Hello! Today we will talk about not the most famous sorting algorithm - three-way bitwise quick sorting. This algorithm is a hybrid of the well-known quick sort and bitwise sort.
Details - under the cut.
But first, remember the old one.
Quick sort (QSort)
She knows most. If we briefly take a supporting element, we make exchanges so that on one side of it there are smaller elements in the array, on the other - larger or equal. Next, we run recursively the same procedure on the resulting parts. At the same time, the support element itself has already appeared on the place where it will be in the sorted array.
')
At the same time, they often talk about optimizations for quick sorting. The best-known optimization is to select the reference element at random. Thus, the probability of “hitting” is significantly reduced in the case when quick sorting shows the worst performance (O (n ^ 2), as we all remember).
The second most popular idea is to divide an array not into two, but into three parts. Elements less than the reference, equal to it and elements greater than the reference. This optimization significantly speeds up the execution time in cases where there are many identical elements in the source array — after all, the same support elements as well as the reference elements have already “fallen” into their place in the sorted array, and no additional procedures are needed to sort them. The number of operations performed and the depth of recursive calls decrease. In general, a good way to save a little.
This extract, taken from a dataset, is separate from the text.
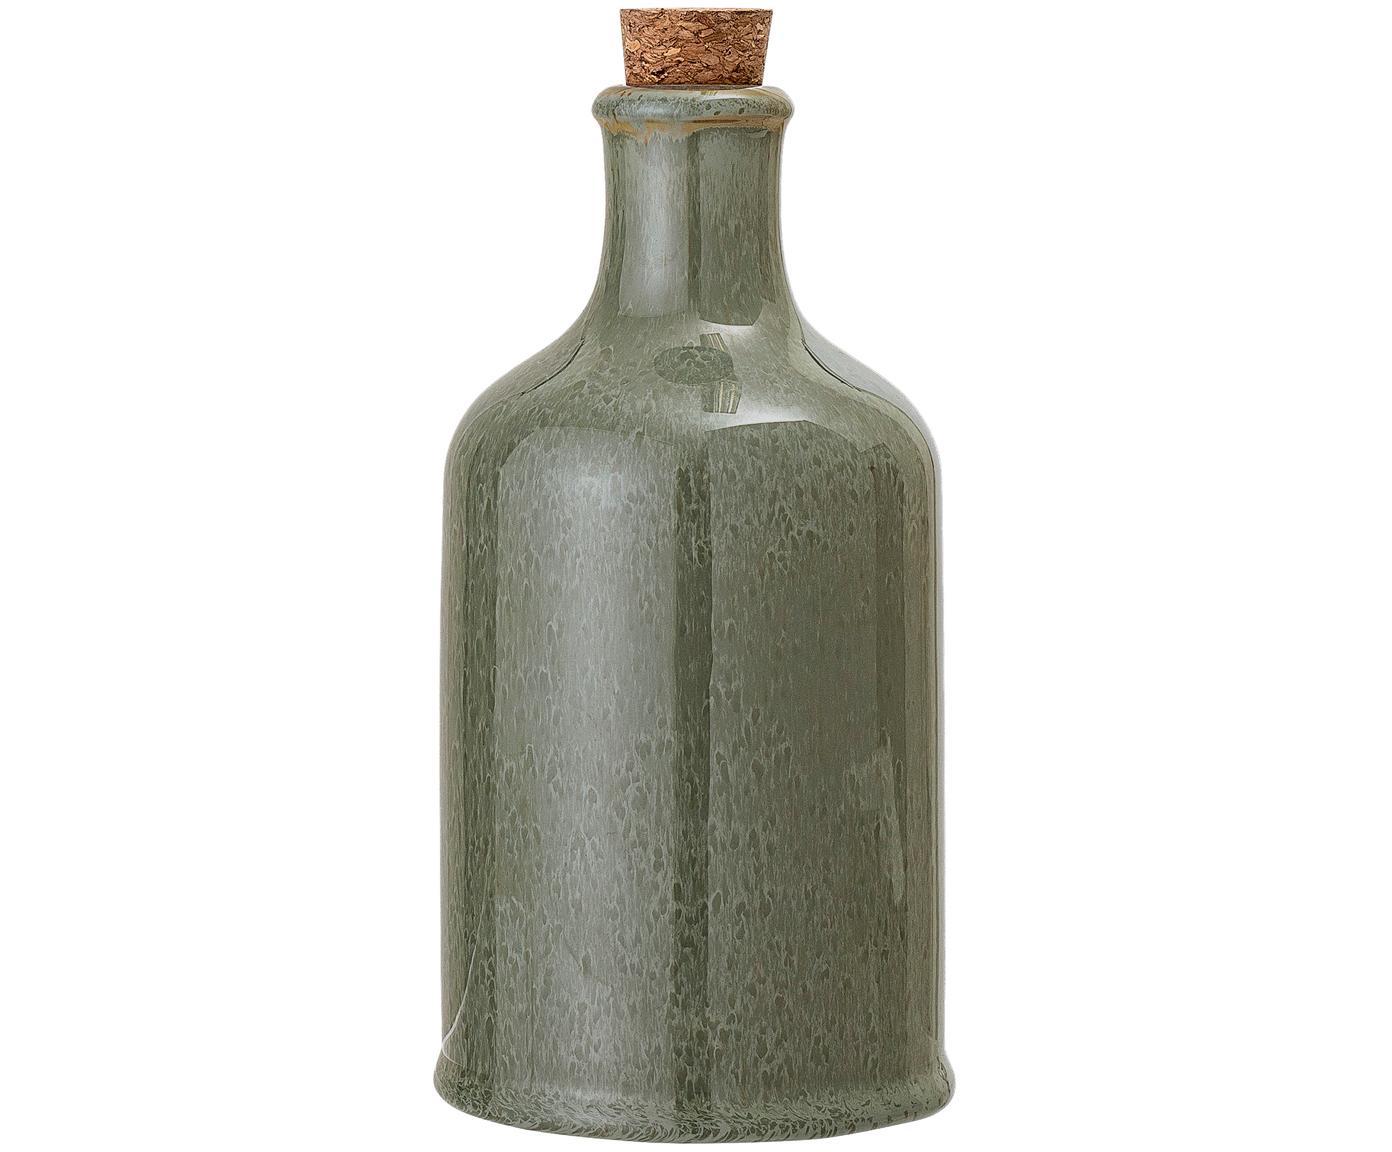 Olie- en azijnkaraf Pixie, Fles: keramiek, Groentinten, Ø 10 x H 19 cm

Difficulty - O (nlogn) on average, O (n ^ 2) at worst, additional memory - O (logn)
If anything, here is
a good and briefly written.
Bitwise sorting (Radix Sort)
Slightly less popular algorithm, but quite well known. The logic of his work is simple. Suppose we have an array of numbers.
First, sort them by the first (senior) category. Sorting in this case is performed using count sorting. The complexity is o (n). We received 10 "baskets" - in which the senior level 0, 1, 2, etc. Then we run the same procedure in each of the baskets, but we only consider not the high order, but the next one, and so on.
There are as many steps as digits in numbers. Accordingly, the complexity of the algorithm is O (n * k), k is the number of digits.
There are two types of such sorting - MSD (most significant digit - first high order) and LSD (least significant digit first low end). LSD is somewhat more convenient for sorting numbers, since it is not necessary to “assign” to the left insignificant 0 to align the number of digits.
MSD is more convenient for sorting rows.
The algorithm in this implementation requires additional memory - O (n).
You can read more, for example,
here .
Three-Way Bitwise Sorting
Suppose we are sorting the rows.
Using qsort, which actively compares elements, looks too expensive - string comparison is a long operation. Yes, we can write our comparator, which will be somewhat more efficient. But still.
Using radix, which requires additional memory, is also not very motivating - the lines can be large. Yes, and a large length of lines the number of discharges, depressing effect on efficiency.
And what if in some way to combine these algorithms?
The logic of the resulting algorithm is as follows:
1. Take the supporting element.
2. We divide the array into three parts, comparing the elements with the reference one according to the senior category - into smaller, equal and larger ones.
3. In each of the three parts, we repeat the procedure, starting from step No. 1, until we reach empty parts or parts with 1 element.
Only in the middle part (i.e., where the most significant bit is equal to the highest level of the support element) proceed to the next category. In the remaining parts of the operation begins without changing the "working" discharge.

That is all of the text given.